Well, I've always loaded strictly MRNA objects from the file, whatever it is is called (just as all sequences from cds.fna are loaded into CDS objects and all sequences from protein.faa are loaded into Protein objects.)
So it seems clearer if we have an explicit mrna.fna file in each annotation collection that contains only mRNA sequences; I'll then ignore a separate transcript.fna that may contain other stuff. I'm glad we're having this conversation as I think it's clarifying what is in those files in various collections.
PROPOSAL: every annotation collection must contain an mrna.fna.gz file that contains only mRNA sequences. An additional transcript.fna.gz file is optional and will be ignored in mine loading.
I've voted "yea", but now there are some devils in the details:
OK by me.

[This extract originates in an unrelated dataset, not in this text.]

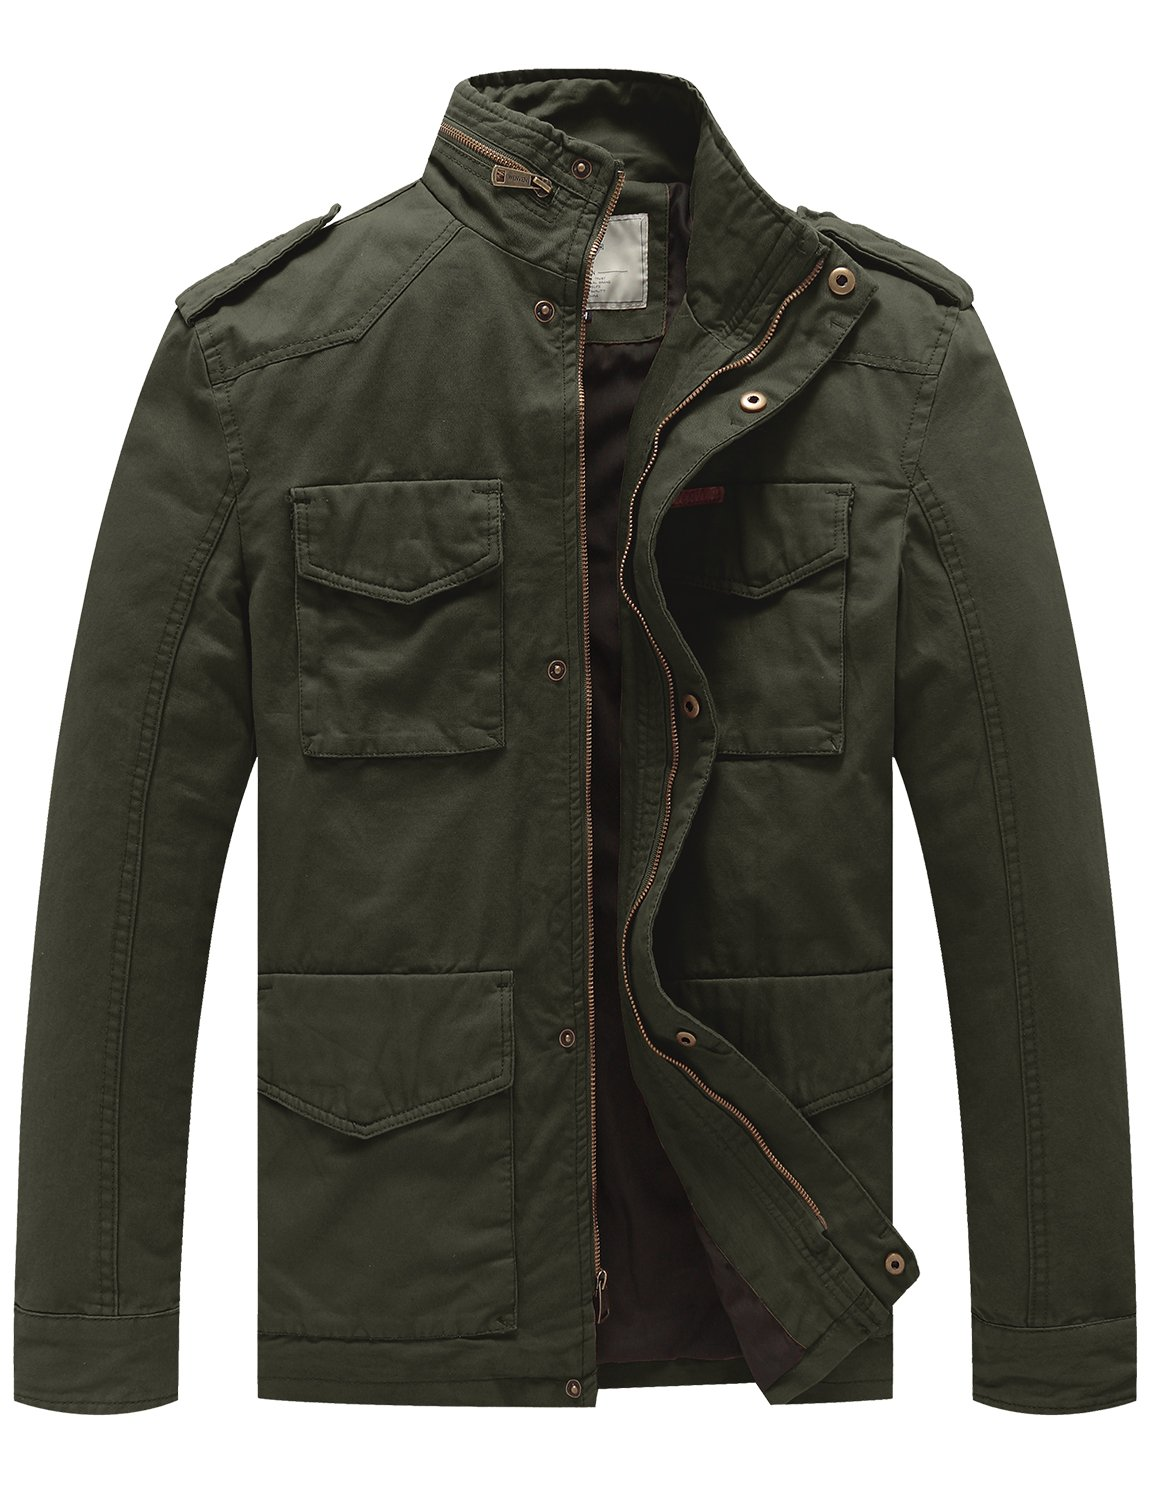 WenVen Men's Stand Collar Cotton Field Jacket (Army Green, M)

One point of clarification, @sammyjava correct me if I'm wrong but I believe that if the mine loader encounters a sequence in an mrna file that doesn't correspond to an mrna in the gff file, it will create a new record rather than fail, which is not the end of the world (failure to load would be more doomsday-like). I know we have some transcript files that contain non-mrna things (e.g. tRNA); we can probably id such things by comparing counts of records in cds fasta with the corresponding mrna files. But in the likely event we don't get everything right away, I guess nothing is going to come to a grinding halt.
Correct, you'd just create an orphan mRNA object that has no chromosome location (and therefore won't show on the JBrowse). The FASTA/GFF objects are merged on (1) being the same class and (2) full-yuck identifier. So in the case of legit objects in both FASTA and GFF, we get a bit from the GFF (location,parent) while the sequence and length come from the FASTA because the identifiers match up. (The transfer-sequences post-process skips them because they already have sequences from the FASTA.)
Steven, shall I task you with the s/transcript/mrna/ and s/_primaryTranscript/_primary/ tasks since there may be a bit of content-verification involved? Otherwise I'm happy to just do the renaming, that's easy and changes nothing other than the checksum.
Also, just so it's known to all: I do load all RNA types from the GFFs (tRNA, ncRNA, miRNA, you name it). But the GFF loader loads each record into an InterMine object of the class associated with that type. And then, since non-mRNA objects aren't loaded from FASTAs, the sequences are derived from the chromosomal span (and strand) in the transfer-sequences post-processor. So if we were keen to load, say, ncRNA sequences from FASTAs, we certainly can do that by putting them in their own file. It's just that the FASTA loader loads one class per file.
Yes, I can do that renaming. An associated task is to update the two MANIFEST files. These don't currently have great utility, because they haven't been produced with great rigor; on the other hand, they do record prior filenames, which I think is important for provenance. For this minor renaming, I think I'll just change the "current filename" in the first field - as opposed to adding another "previous filename" field. One more thing: I think we ought to notify the group (via lis-developers) of the changes. I'll do that now.
Yes, I can do that renaming. An associated task is to update the two MANIFEST files.
The CHECKSUM files need to be updated as well.
CHECKSUM updates - yes. Will do that later today, after some more changes and checks.
This was done, closing.
Some collections have an mrna.fna; others have a transcript.fna. Which shall it be? I'm happy to rename them.